## EXERCISE OBJECTIVE
Leaving out every picture, copy the lines of the material below exactly, from the line containing "Null 12 bottles BARONAT Medoc 1986" through the line containing "And. More or".
EXTRACTED ENTRIES START
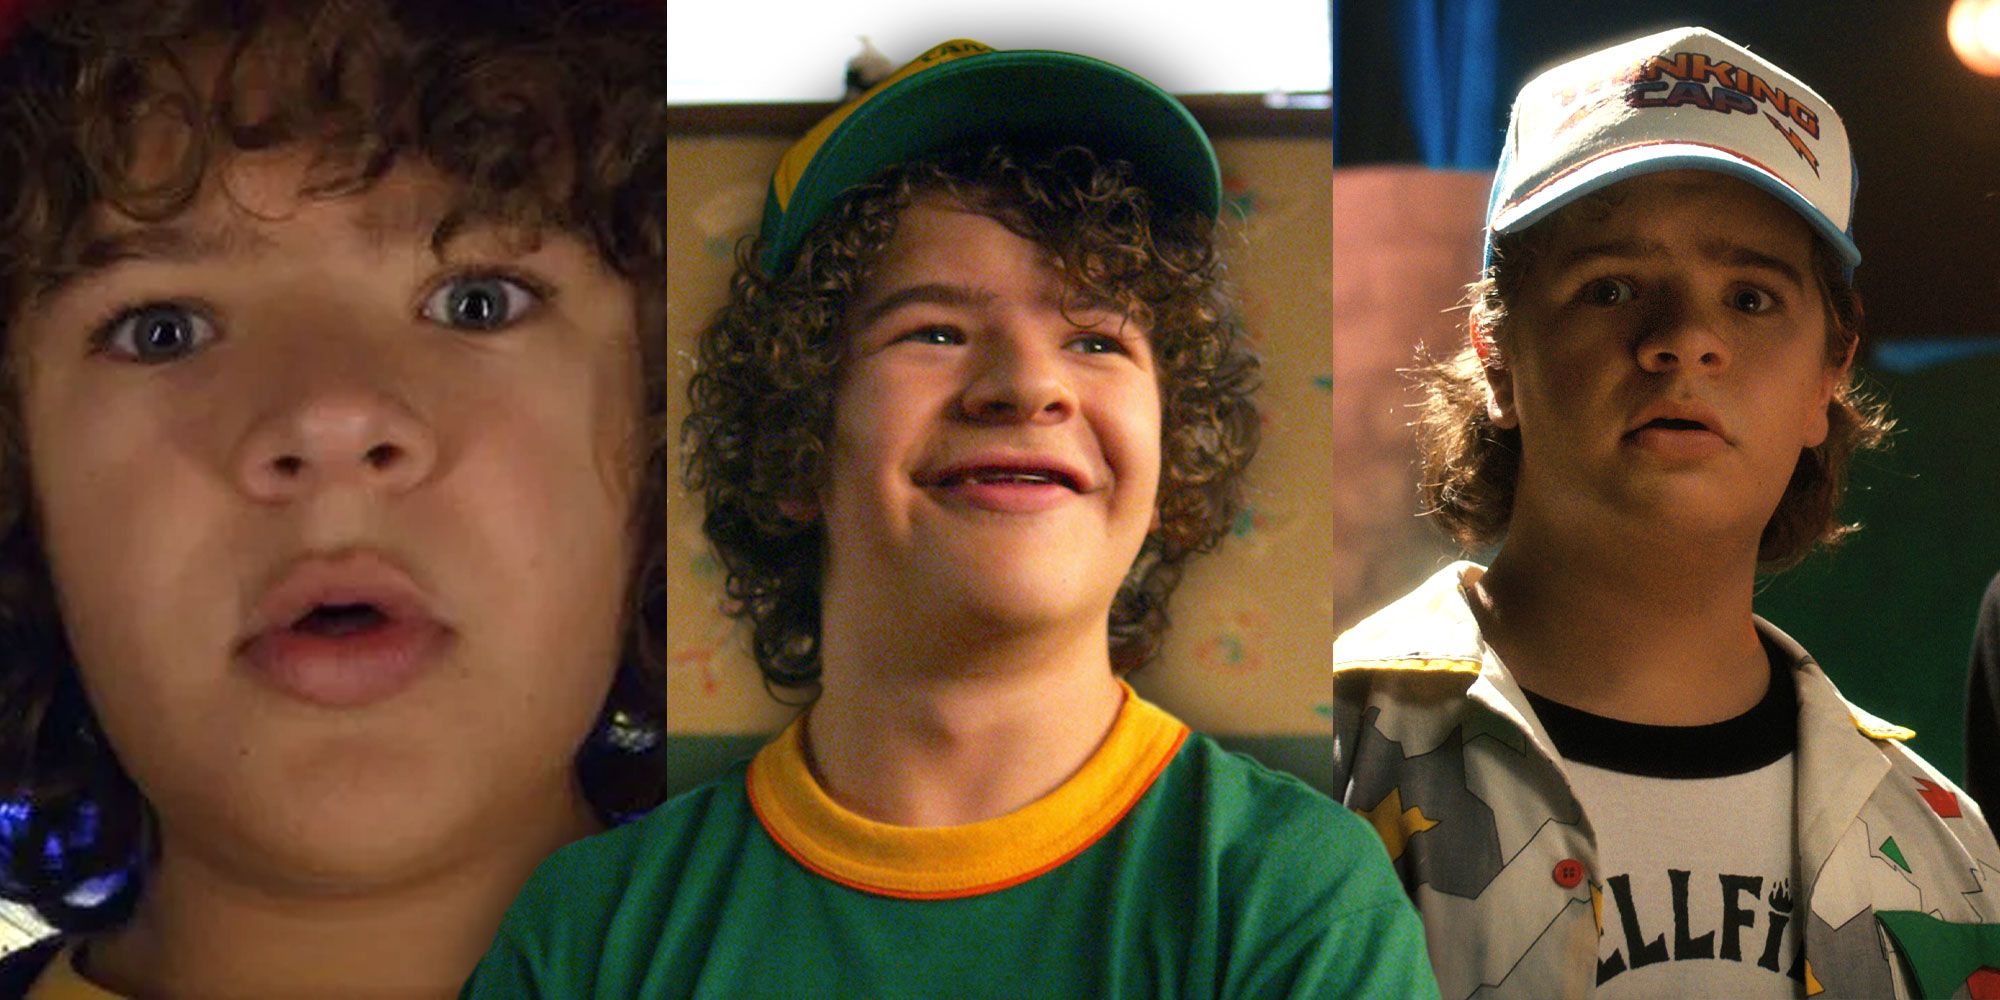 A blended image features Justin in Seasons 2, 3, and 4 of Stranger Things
EXTRACTED ENTRIES END
EXTRACTED ENTRIES START
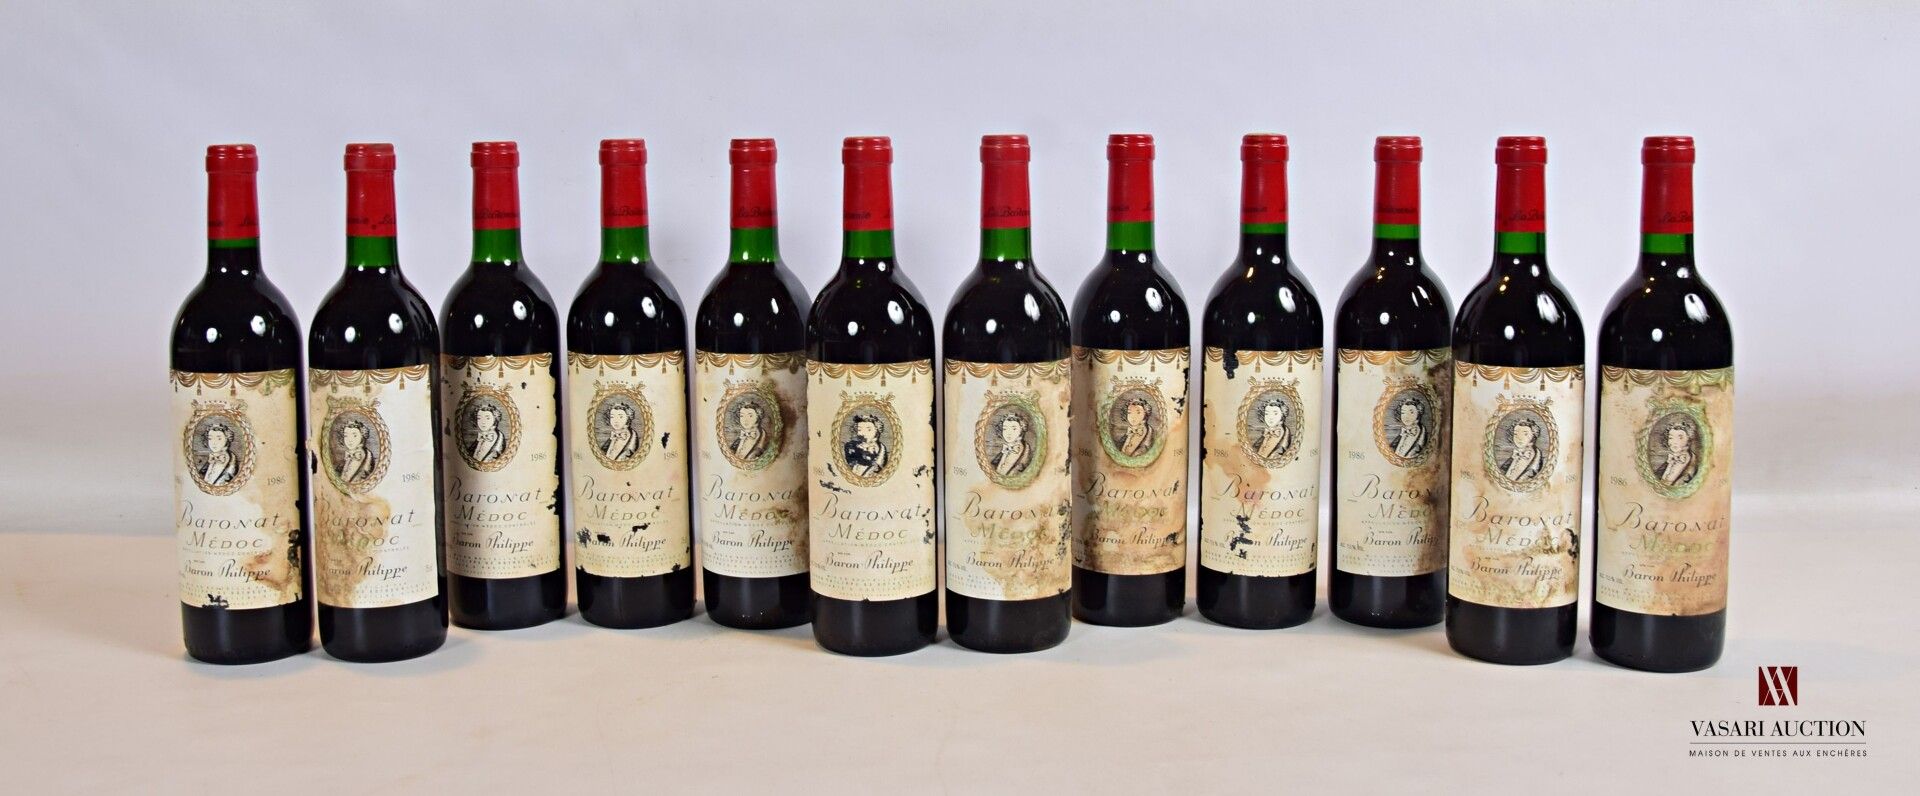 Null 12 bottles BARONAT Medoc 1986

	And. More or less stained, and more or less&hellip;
EXTRACTED ENTRIES END
## PROBLEM SOLUTION
 Null 12 bottles BARONAT Medoc 1986

	And. More or less stained, and more or less&hellip;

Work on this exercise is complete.